Unable to guarantee the safety of local residents in the face ofsubsequent death threats, the company ceased drilling and beganwork instead on an agreement with the local community. The agreement, signed in January, gives local residents prioritywhen staff are recruited and will compensate landowners for anydamage that may occur in the course of drilling. In return,residents agreed to resolve any disputes through talks. There is a twist in the tale.

Three suspects were detained by localpolice. After discussions within the community, six more local menconfessed to the attack and agreed to refurbish the burnt-outfarmhouse at their own expense. The nine men appeared in court in January. Eight were put on threeyears’ probation, and charges against the ninth were dropped. TalasCopper Gold withdrew its compensation claim and has hosted the menat the camp as they rebuild the farmhouse.

David Grant, general director for Gold Fields Kyrgyzstan, said thatresolution of this conflict, including rebuilding the house, was “astrong, visible sign of reconciliation, which indicates that thisproject has much more positive times ahead”. Holland said he believed environmental concerns were the root oflocal opposition, even though some mining executives in Kyrgyzstanhave blamed officials for whipping up anti-mining sentiment forpolitical gain. “We don’t believe there’s any clandestine objective to drive peopleout. There’s genuine concern: it’s a pristine area and they want tomake sure mining is done responsibly,” he said in a telephoneinterview from Bishkek after meeting the president.

“People have been opposed to mining because they haven’t understoodthe benefits,” he said. “It’s a fledgling industry in thiscountry.” The example to follow in Kyrgyzstan, said Holland, was the CerroCorona mine in Peru. Gold Fields built the mine in the volatileregion of Cajamarca, where mass protests have stalled NewmontMining’s $4.8 billion Minas Conga project. “It took two years of detailed collaboration and discussion,”Holland said.

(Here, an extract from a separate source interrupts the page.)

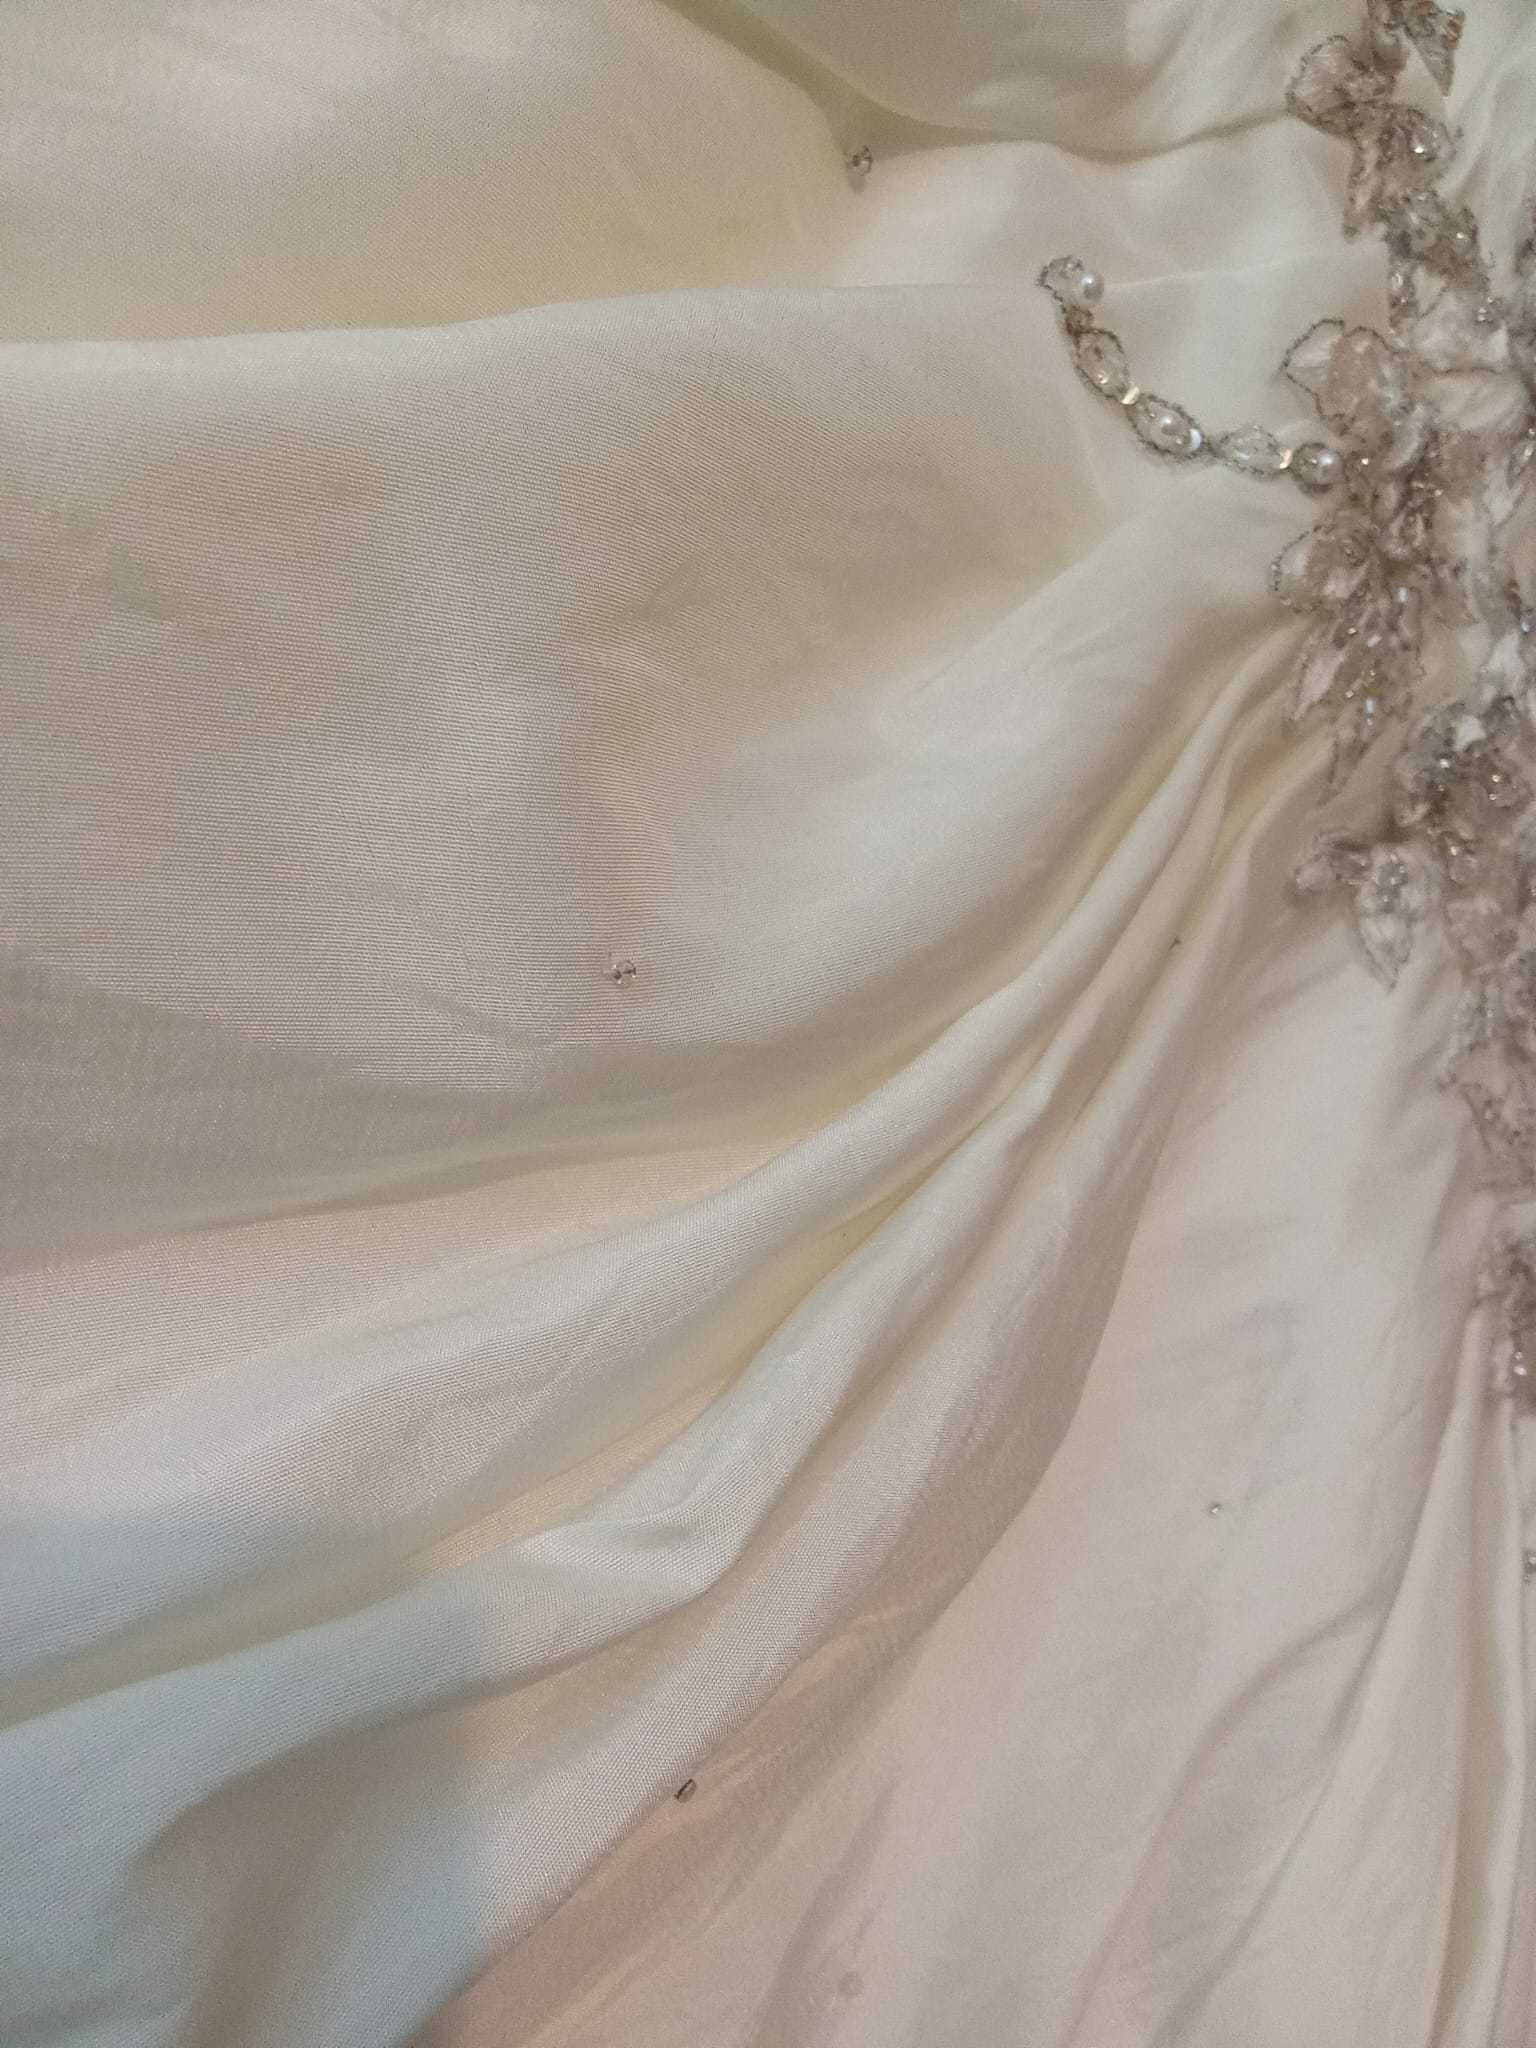 Vestido de Noiva Diva, silhueta de modelo com Corte "cai-cai"

“We’ve trained a lot of people who are operating themine for us. We used a lot of local contractors to help build themine.” ENVY At Taldybulak, the most prospective of its four licence areas,Talas Copper Gold will drill holes to a depth of 800 metres, up tothree times deeper than the Soviets ever searched. A scoping study released in 2010 envisages an open-pit mine thatwould produce a copper, gold and molybdenum concentrate. The totalestimated resource is 11.7 million ounces of gold equivalent,although these resources are not proven. Pensioner Erkinbek Malayev chairs the committee formed this year torepresent the community’s interests and act as a go-between withthe company.

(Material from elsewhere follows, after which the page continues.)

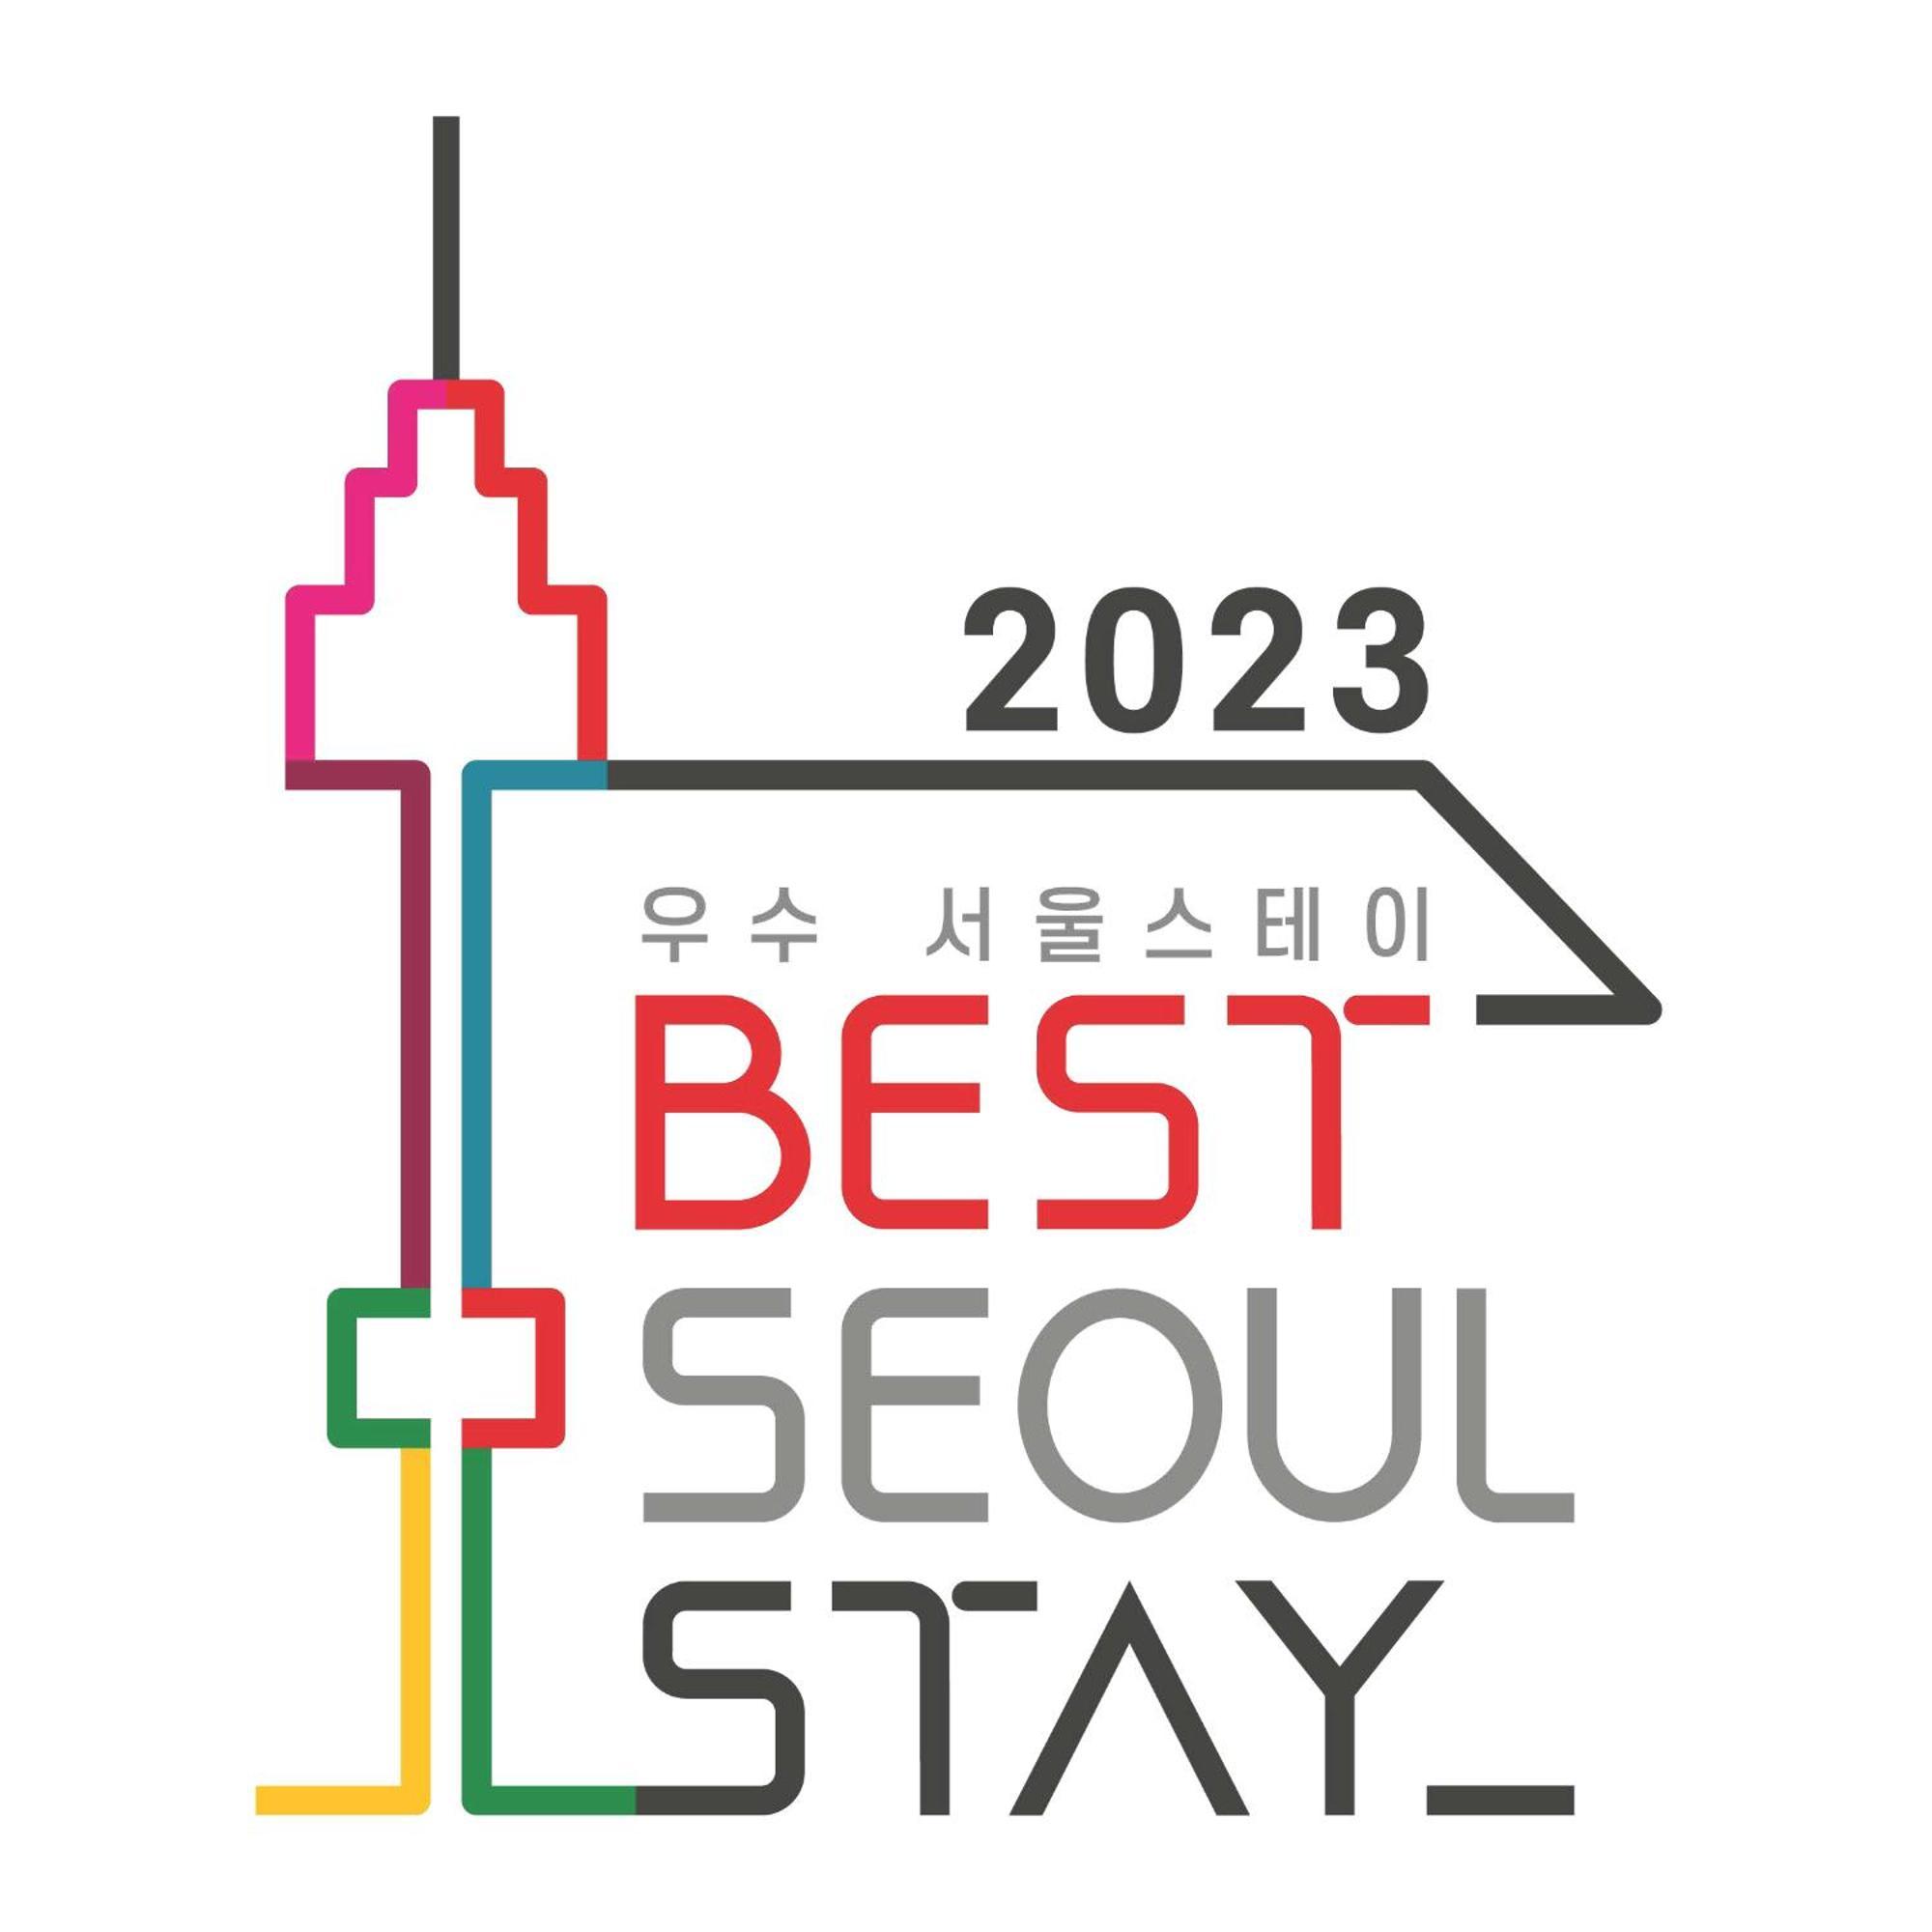 Batwo Stay - For Foreigners Only Seul Zewnętrze zdjęcie

While agreeing to drilling, he is not convinced a minewill be in the best interests of the village. “It’s not worth continuing this project if it harms the village,”he said. “People are thinking of their children and how they willlive.” But many in Kyrgyzstan see mining as the quickest route out ofpoverty for an economy subsidised by cash sent home by hundreds ofthousands of migrant workers. Per capita GDP is less than a tenthof that in oil-rich neighbour Kazakhstan. “If the people decide Kyrgyzstan has no other route to development,we need to do this.